In general Parla can manage tasks across heterogenous hardware (CPUs, GPUs)

**Note: This tutorial requires at least 1 GPU available**

Here we will cover:
- Task Device Placement 
- Task Constraints (memory, compute resources)
- Function Variants

In [1]:
from typing import Callable, Optional
from time import perf_counter, sleep
import os

def set_numpy_threads(threads: int = 1):
    """
    Numpy can be configured to use multiple threads for linear algebra operations.
    The backend used by numpy can vary by installation.
    This function attempts to set the number of threads for the most common backends.
    MUST BE CALLED BEFORE IMPORTING NUMPY.

    Args:
        threads (int, optional): The number of threads to use. Defaults to 1.
    """

    os.environ["NUMEXPR_NUM_THREADS"] = str(threads)
    os.environ["OMP_NUM_THREADS"] = str(threads)
    os.environ["OPENBLAS_NUM_THREADS"] = str(threads)
    os.environ["VECLIB_MAXIMUM_THREADS"] = str(threads)
    os.environ["MKL_NUM_THREADS"] = str(threads)

    try:
        # Controlling the MKL backend can use mkl and mkl-service modules if installed.
        # preferred method for controlling the MKL backend.
        import mkl

        mkl.set_num_threads(threads)
    except ImportError:
        pass
    
set_numpy_threads(1)

# Handle for Parla runtime
from parla import Parla

# Spawning task API
from parla.tasks import (
    spawn,
    TaskSpace,
    get_current_context,
    get_current_task,
)

# Device Architectures for placement
from parla.devices import cpu, gpu


def run(function: Callable[[], Optional[TaskSpace]]):
    assert callable(function), "The function argument must be callable."

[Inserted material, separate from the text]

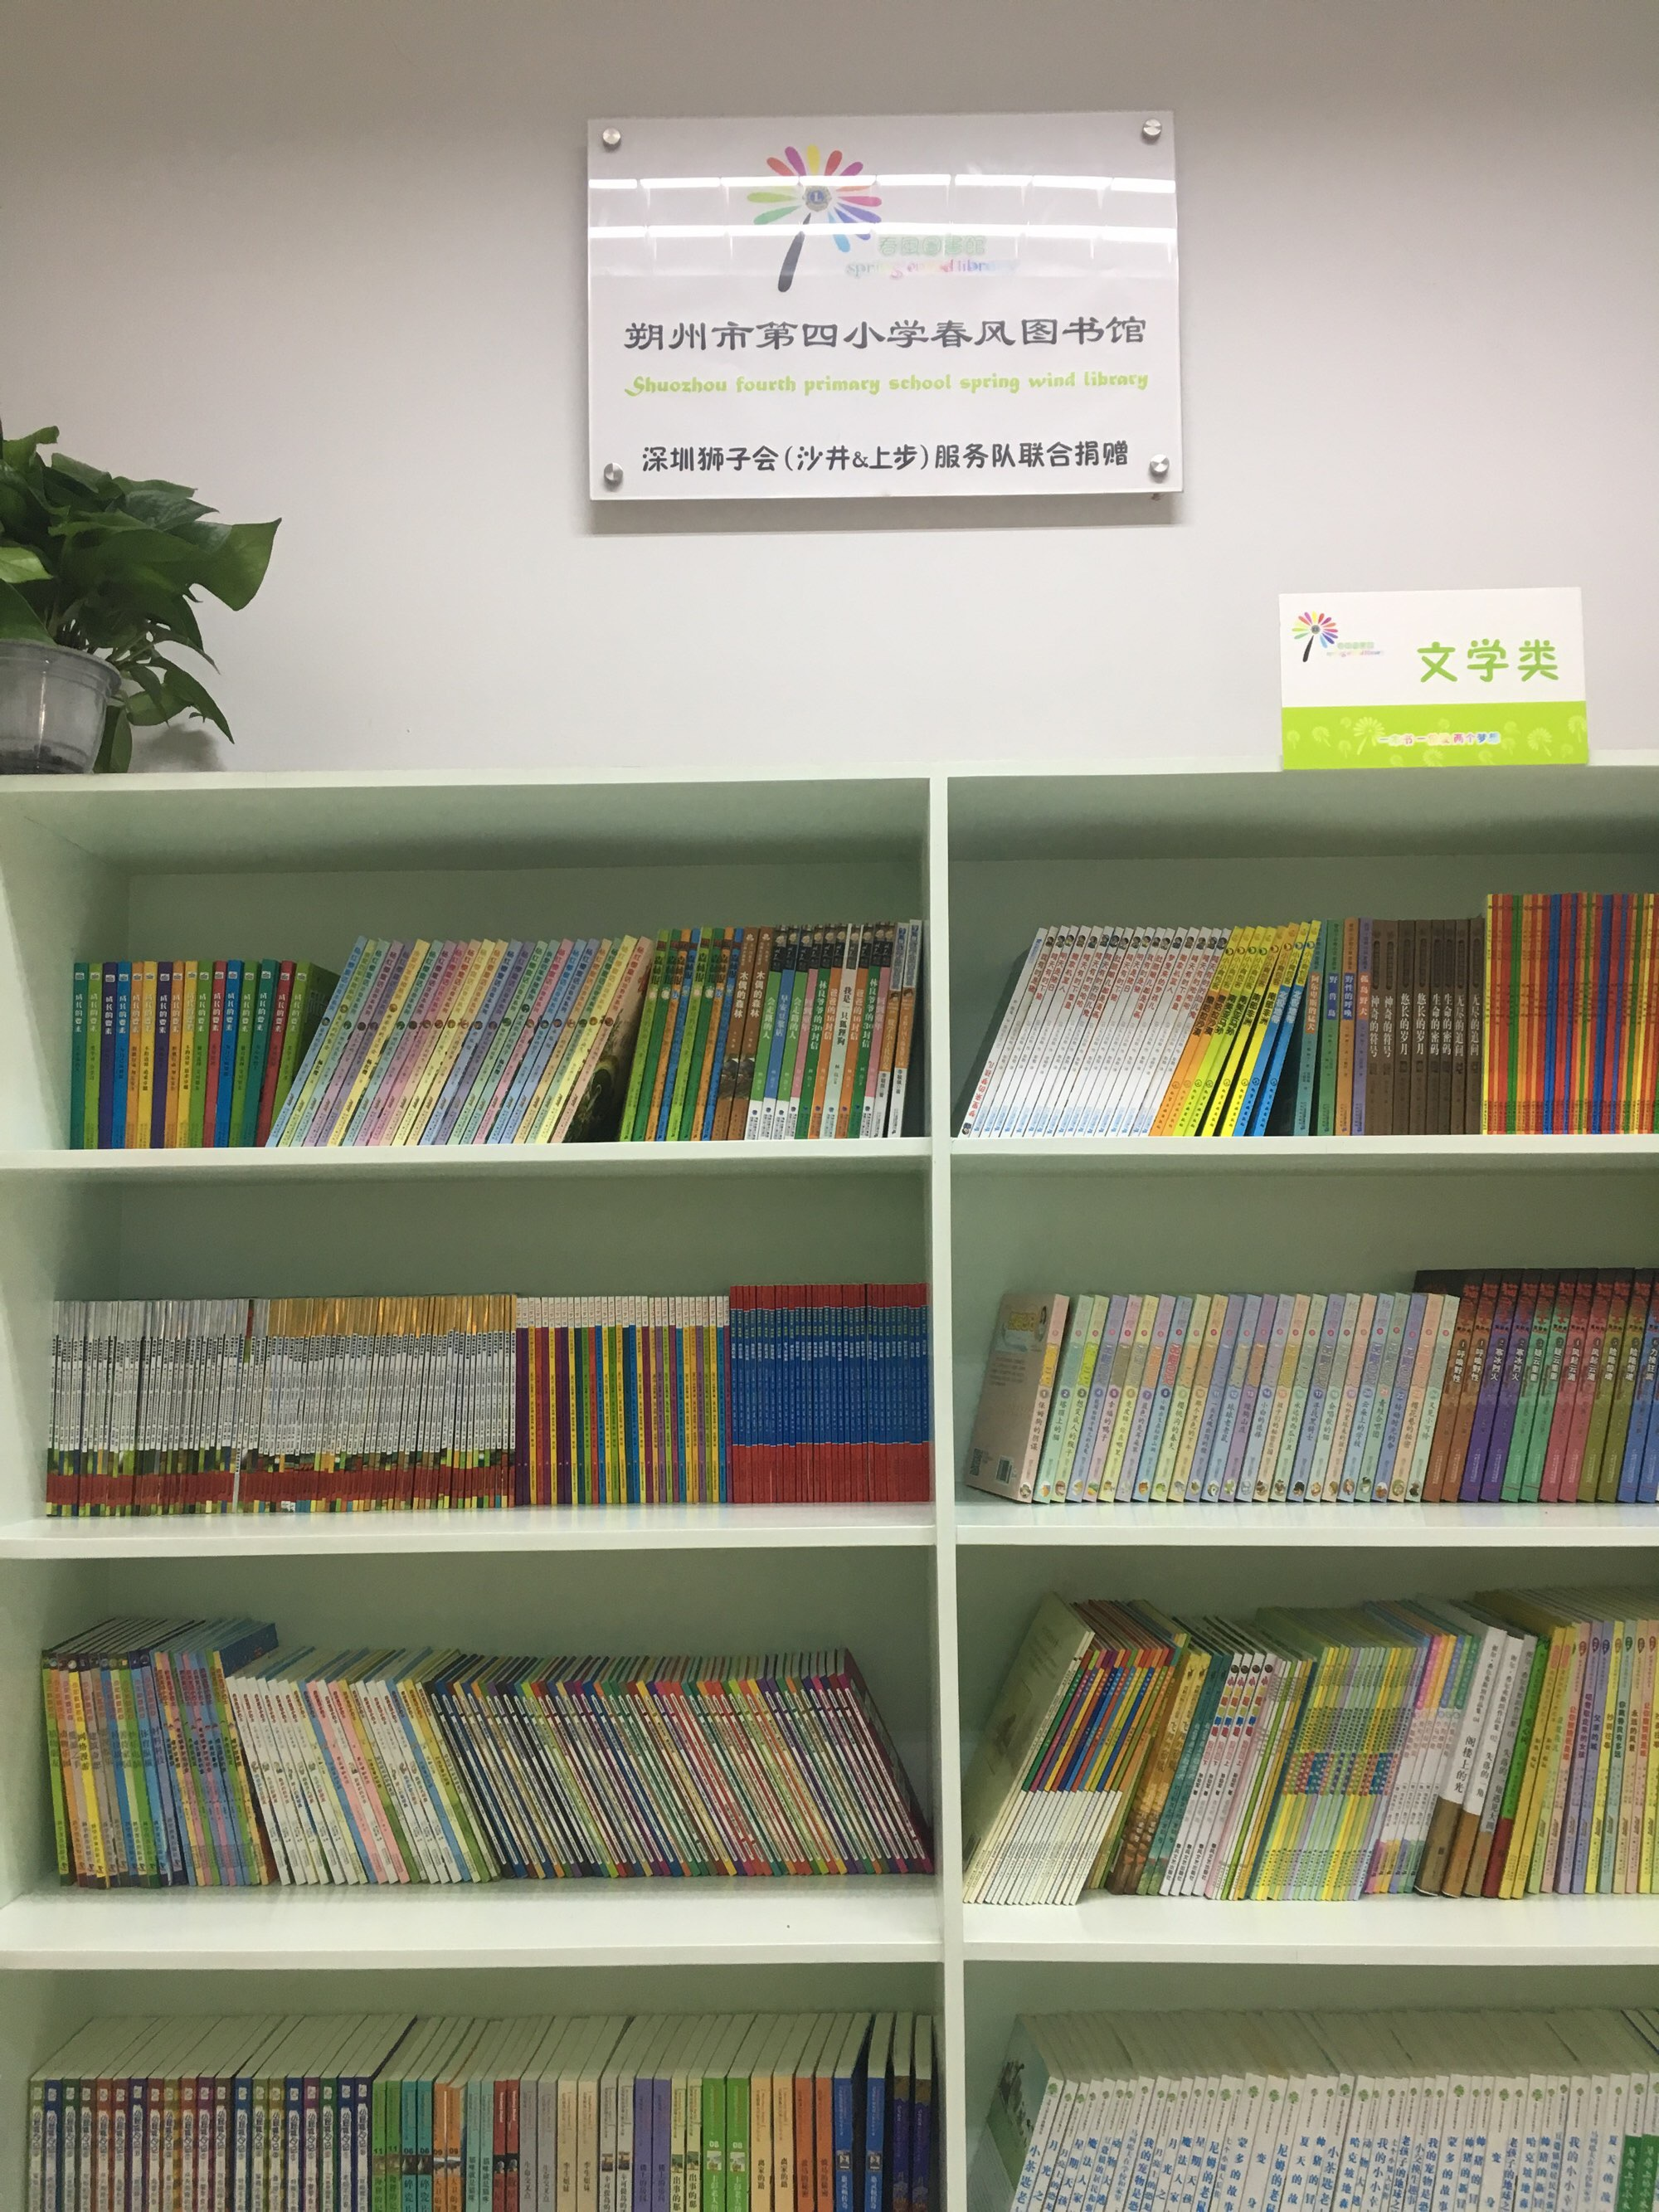 深圳狮子会上步服务队和沙井服务队向朔州市第四小学捐赠了5000册图书

    # Start the Parla runtime.
    with Parla():
        # Create a top-level task to kick off the computation
        @spawn(placement=cpu, vcus=0)
        async def top_level_task():
            # Note that unless function returns a TaskSpace, this will NOT be blocking.
            # If you want to wait on the completion of the tasks launched by function, you must return a TaskSpace that contains their terminal tasks.
            await function()

    # Runtime exists at the end of the context_manager
    # All tasks are guaranteed to be complete at this point

USE_PYTHON_RUNAHEAD:  True
CUPY_ENABLED:  True
PREINIT_THREADS:  True
DEFAULT SYNC:  0


## Task Placement

The placement argument to `@spawn()` determines where the task will be placed.

It can be a single device type or a list of possible placement options. 

At runtime, Parla will choose the most available option using its mapping policy, typically considering available resources and load balancing.

When running this tutorial, you may see different devices being used for the "either" task.

(Note the runtime may have a preference for scheduling on your GPU)

#### Example: `tutorial/11_task_placement.py`


In [2]:
async def device_task():
    T = TaskSpace("Device")

    for i in range(2):
        @spawn(T["cpu", i], placement=cpu)
        def cpu_task():
            # Runs on a CPU device
            print(f"Hello from {get_current_task()}, running on {get_current_context()}")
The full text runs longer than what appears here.